Researchers at the University of California, San Diego School of Medicine and Sun Yat-sen University in China have shown that acute glaucoma in mice is largely an inflammatory disease and that high pressure in the eye causes vision loss by setting in motion an inflammatory response similar to that evoked by bacterial infections.
The study, published in this week's issue of the Proceedings of the National Academy of Sciences, has immediate clinical relevance in treating the tens of millions of people worldwide from what is known as acute closed-angle glaucoma.
"Our research is the first to show an inflammatory mechanism by which high ocular pressure causes vision loss in acute glaucoma patients," said co-senior author Kang Zhang, MD, PhD and professor of ophthalmology.

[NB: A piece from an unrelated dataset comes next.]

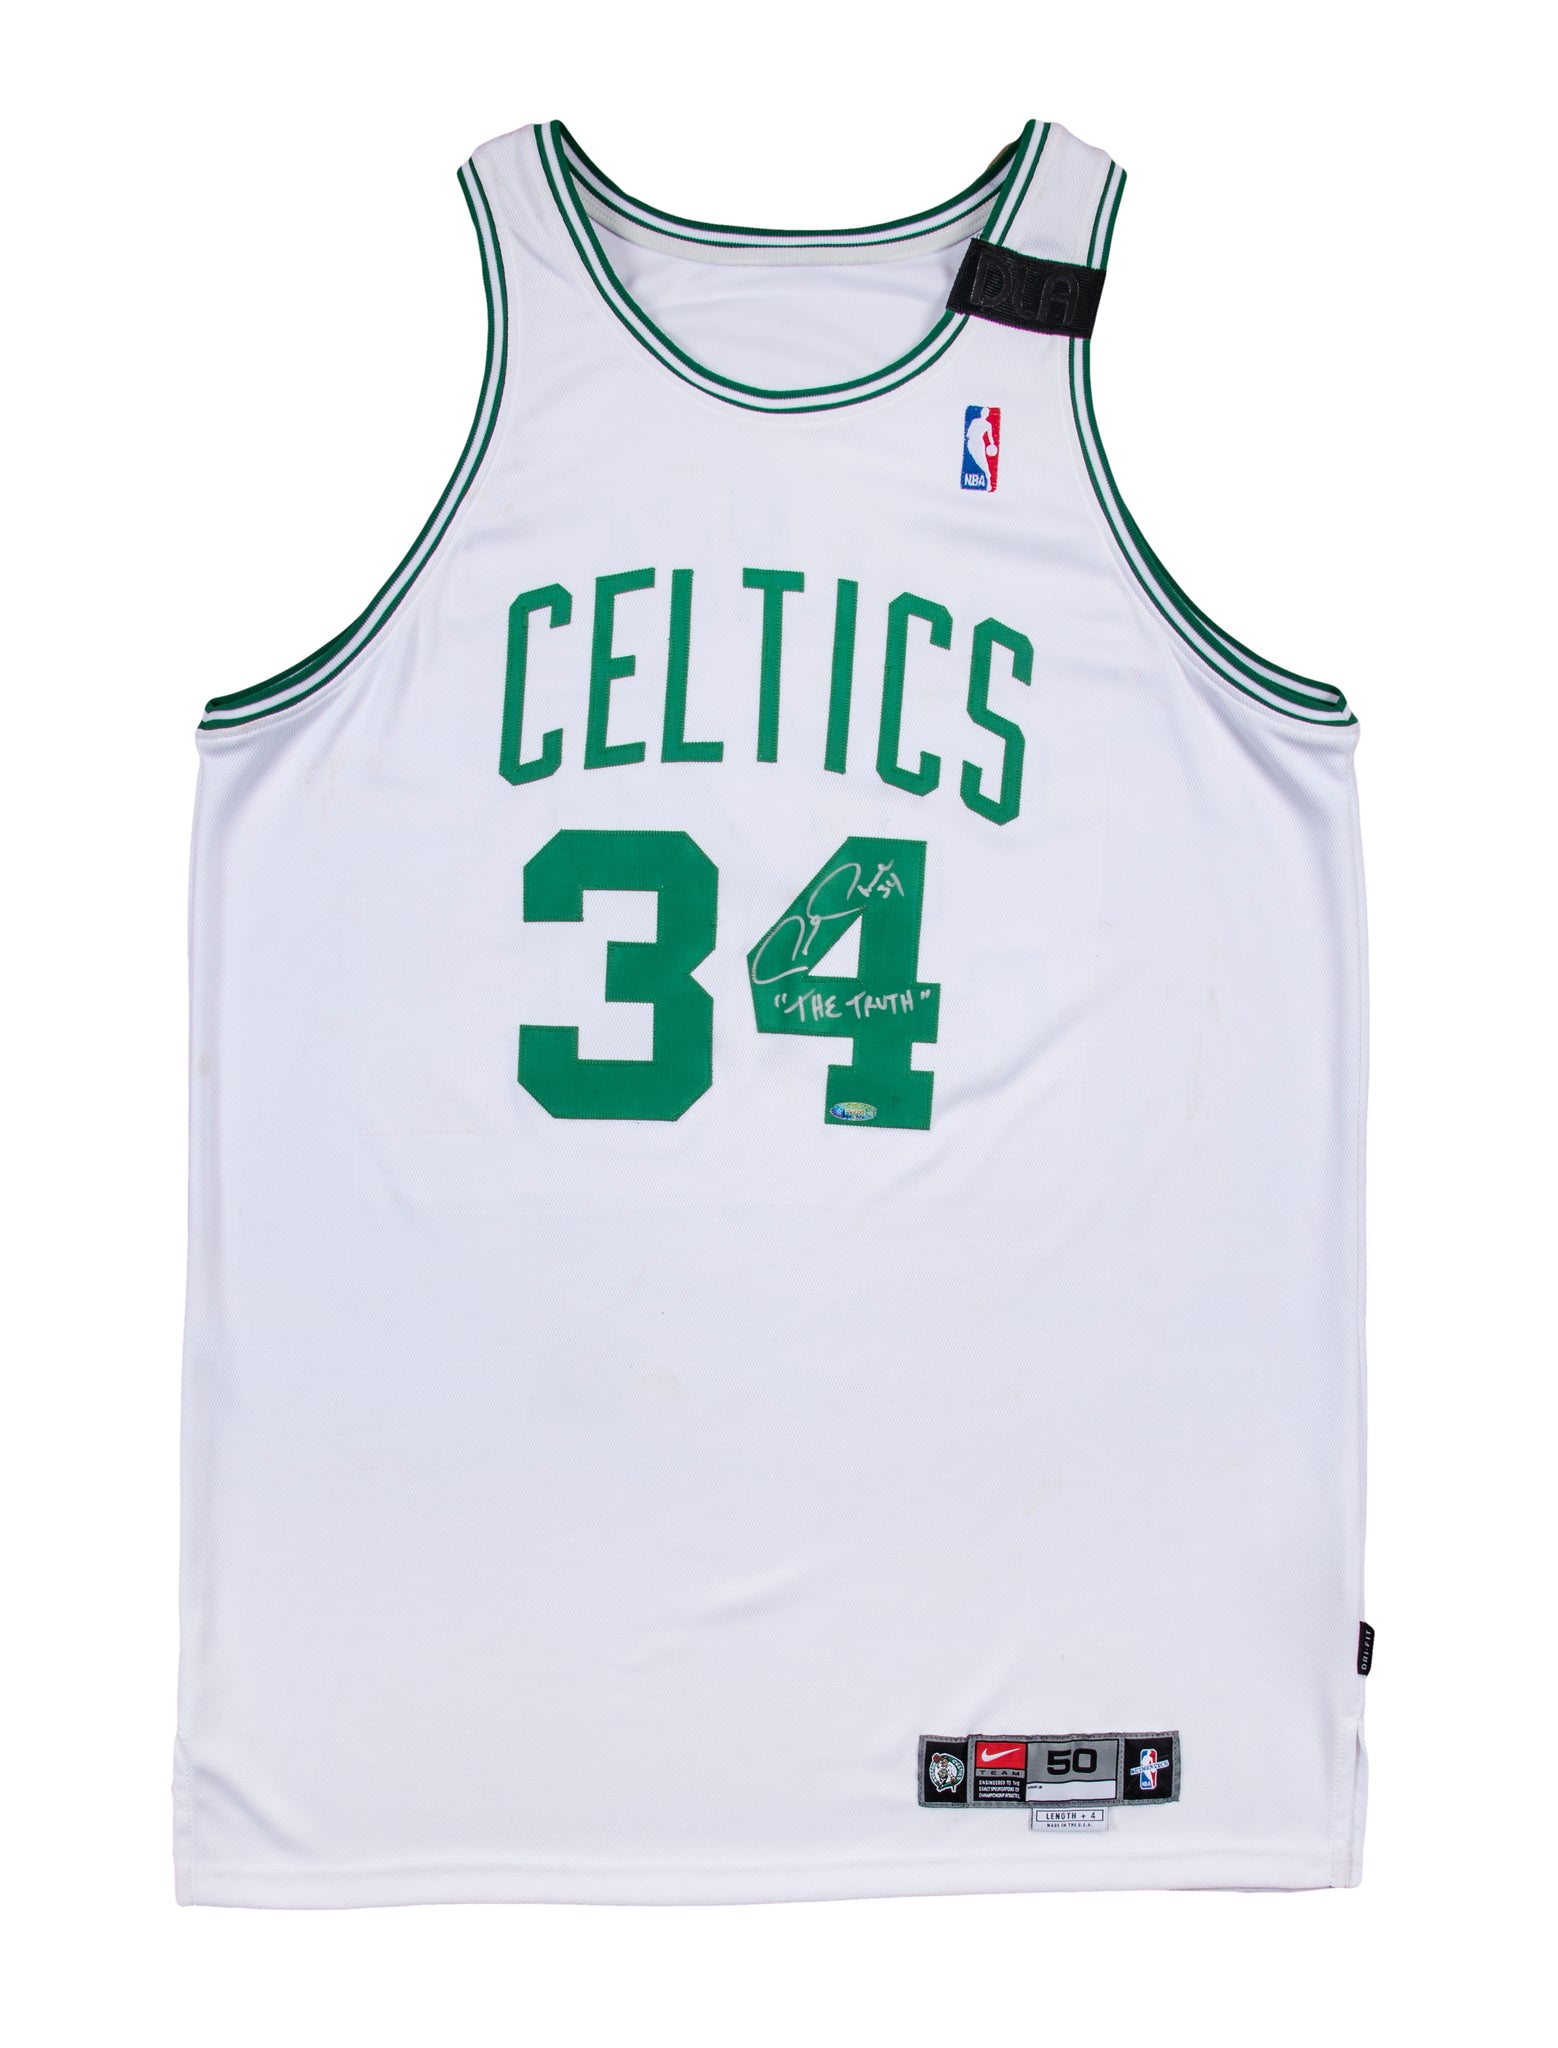 Boston Celtics Game Used NBA Memorabilia for sale

The second leading cause of irreversible blindness globally, glaucoma refers to a group of eye diseases associated with elevated intraocular pressure broadly classified as either open-angle or closed-angle. Open-angle is sometimes called the silent thief of sight because of its slow, often overlooked progression. By contrast, acute closed-angle glaucoma often is a painful ophthalmologic emergency in which there is a sudden rise in eye pressure and immediate damage to eyesight.
Less than 10 percent of glaucoma patients in America have the closed-angle form, but in parts of Asia it accounts for almost half of all cases. The higher prevalence of closed-angle glaucoma in Asians and women is believed to be due to a shallower anterior (frontal) eye chamber.
In the study, researchers showed that a rapid, sustained large increase in eye pressure in mice turns on a gene (TLR4) that activates a protein known as caspase-8. This signaling protein in turn triggers the production of inflammatory proteins that normally help mammals fight microbial infections.
"This immune response is a double-edge sword because, while these proteins protect us from infection in a normal situation, they stimulate apoptosis (programmed cell death) in retinal cells in cases of acute glaucoma," said Zhang, who is also a staff physician at the Veterans Affairs San Diego Healthcare System.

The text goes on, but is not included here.